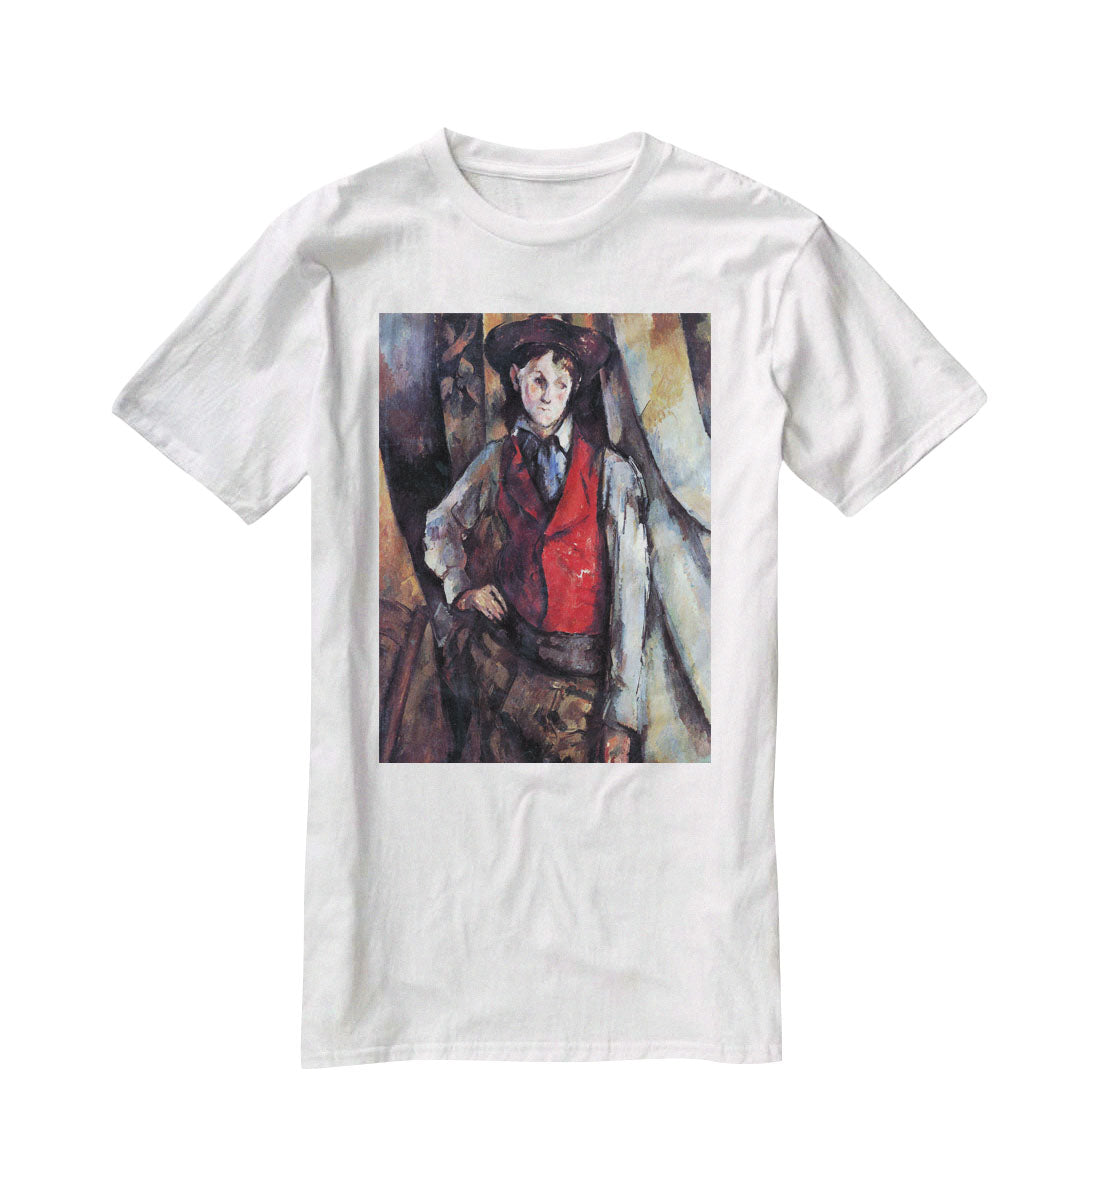 Boy in Red Waistcoat by Cezanne T-Shirt - Canvas Art Rocks - 5
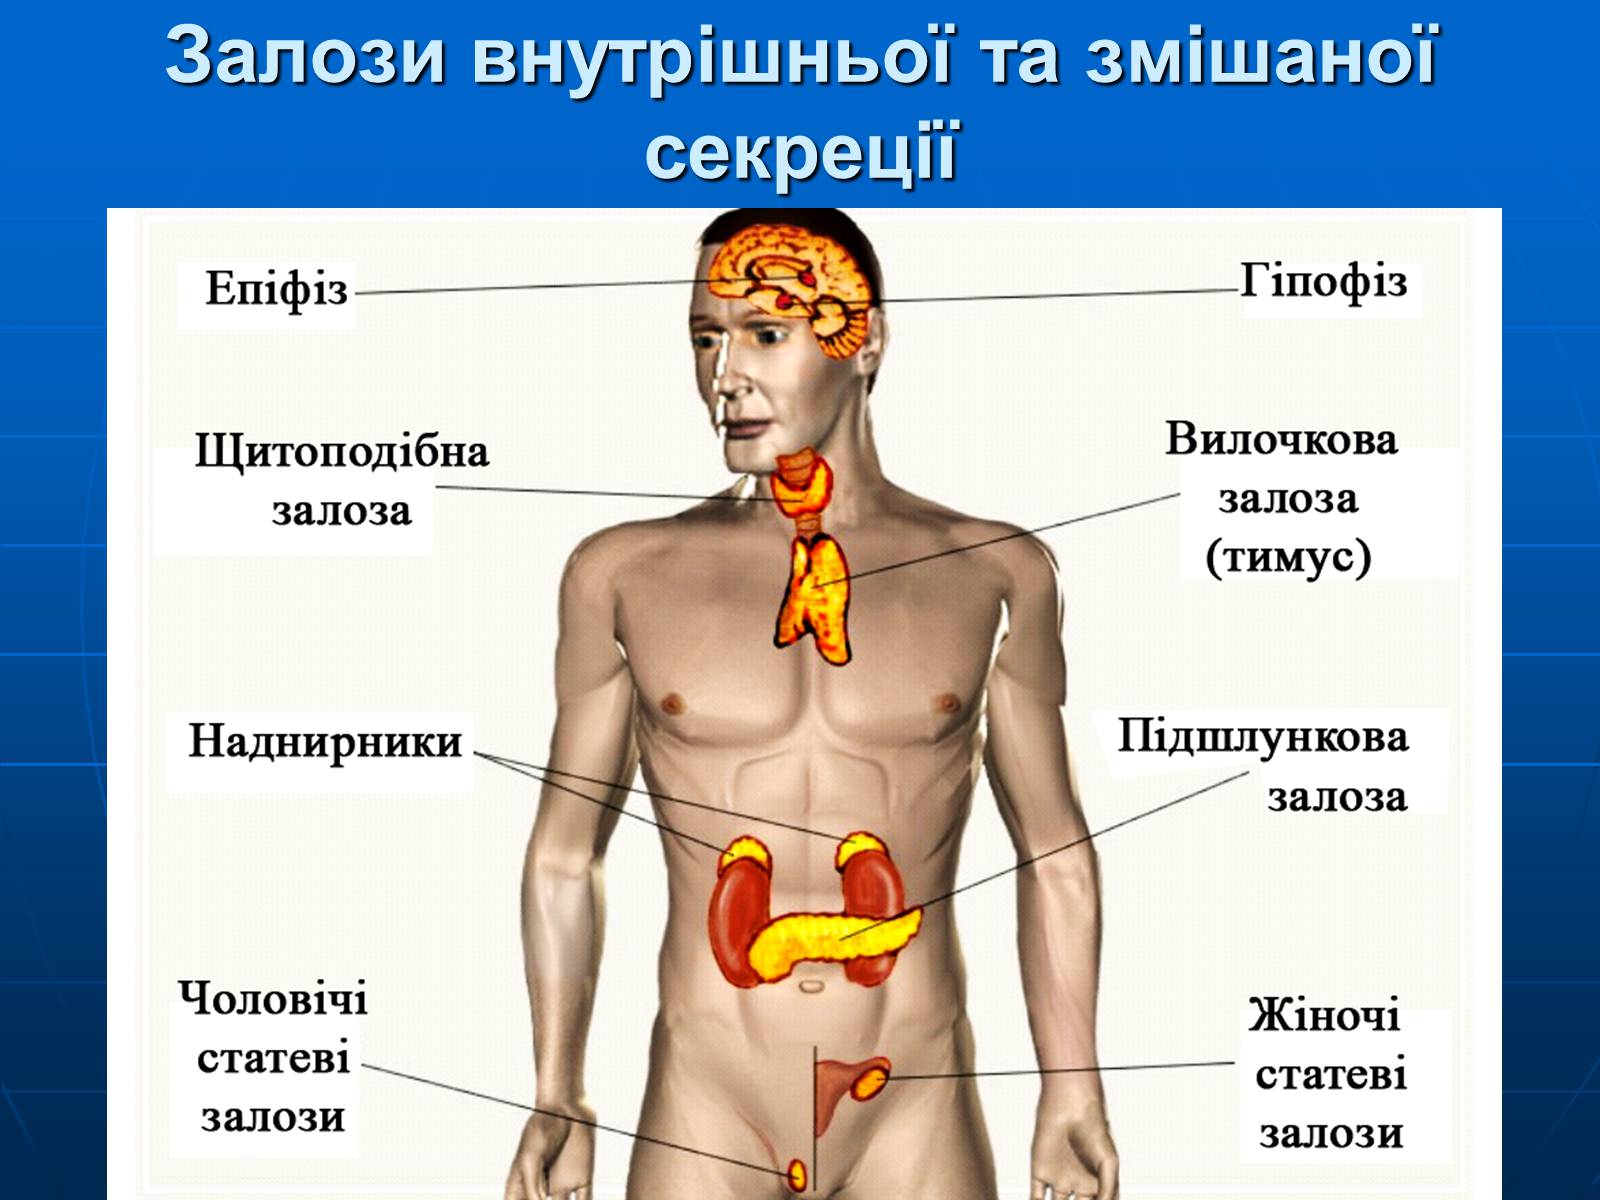 Картинок где находится. Железы внутренней секреции анатомия. Железы внутренней секреции и их расположение в организме. Эндокринная система человека строение желез внутренней секреции. Схематическое отображение функций желез внутренней секреции.
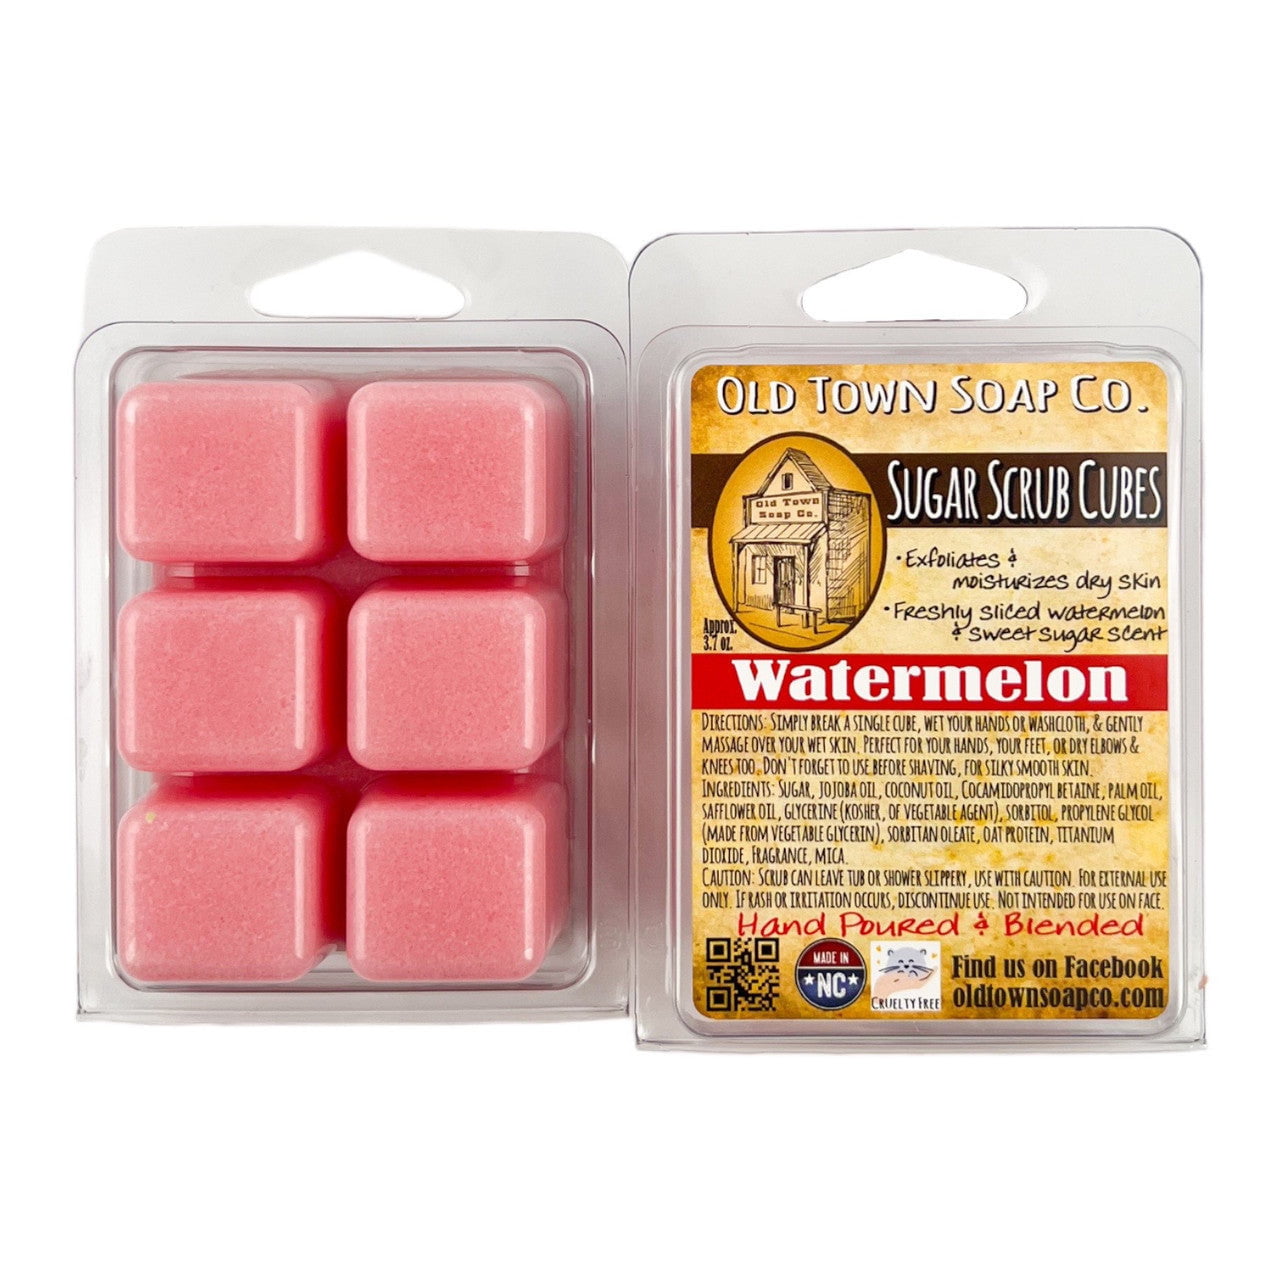 Watermelon - Sugar Scrub Cubes - Old Town Soap Co.
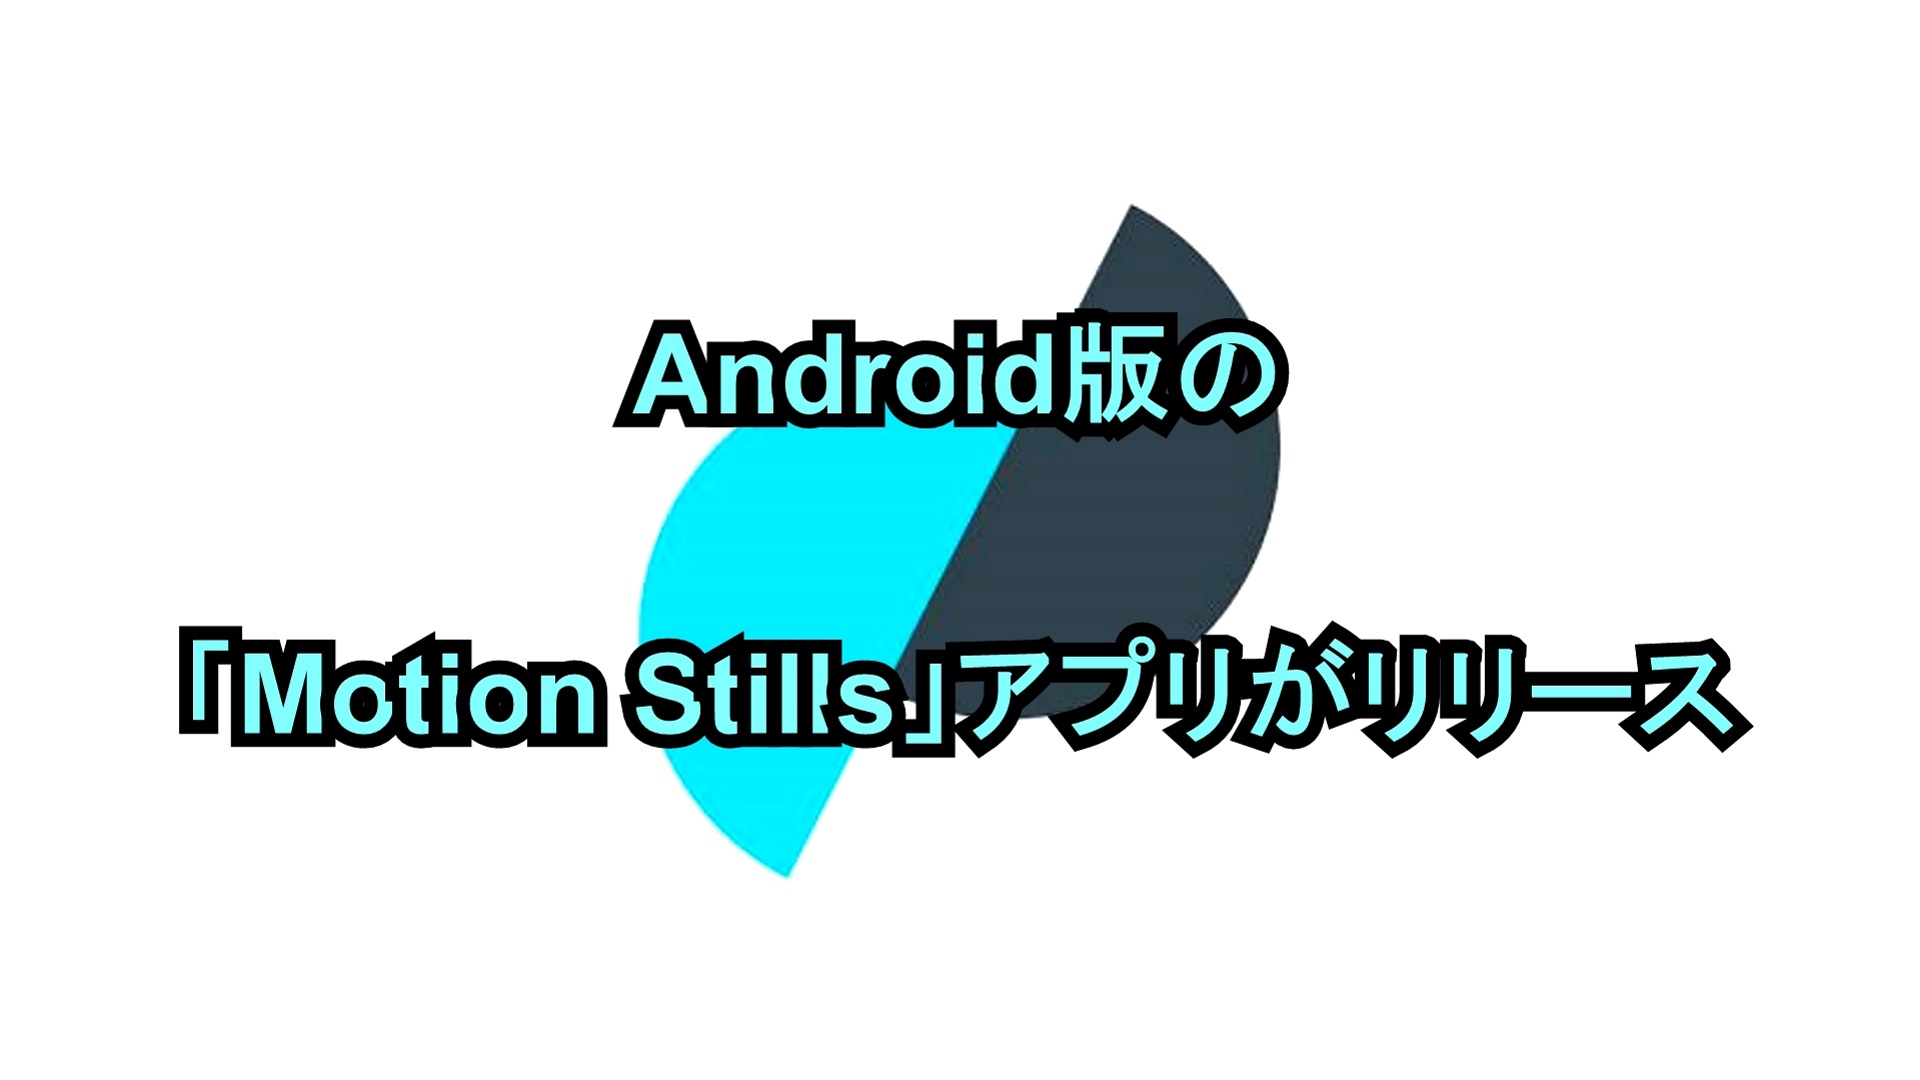 Android版の「Motion Stills」アプリがリリース

DESCRIPTION OF THE TASK:
Pictures are to be left out, and each line from the one that contains "Watermelon - Sugar" through the end of the listing is to be copied exactly.

EXPECTED OUTPUT:
 Watermelon - Sugar Scrub Cubes - Old Town Soap Co.
 Android版の「Motion Stills」アプリがリリース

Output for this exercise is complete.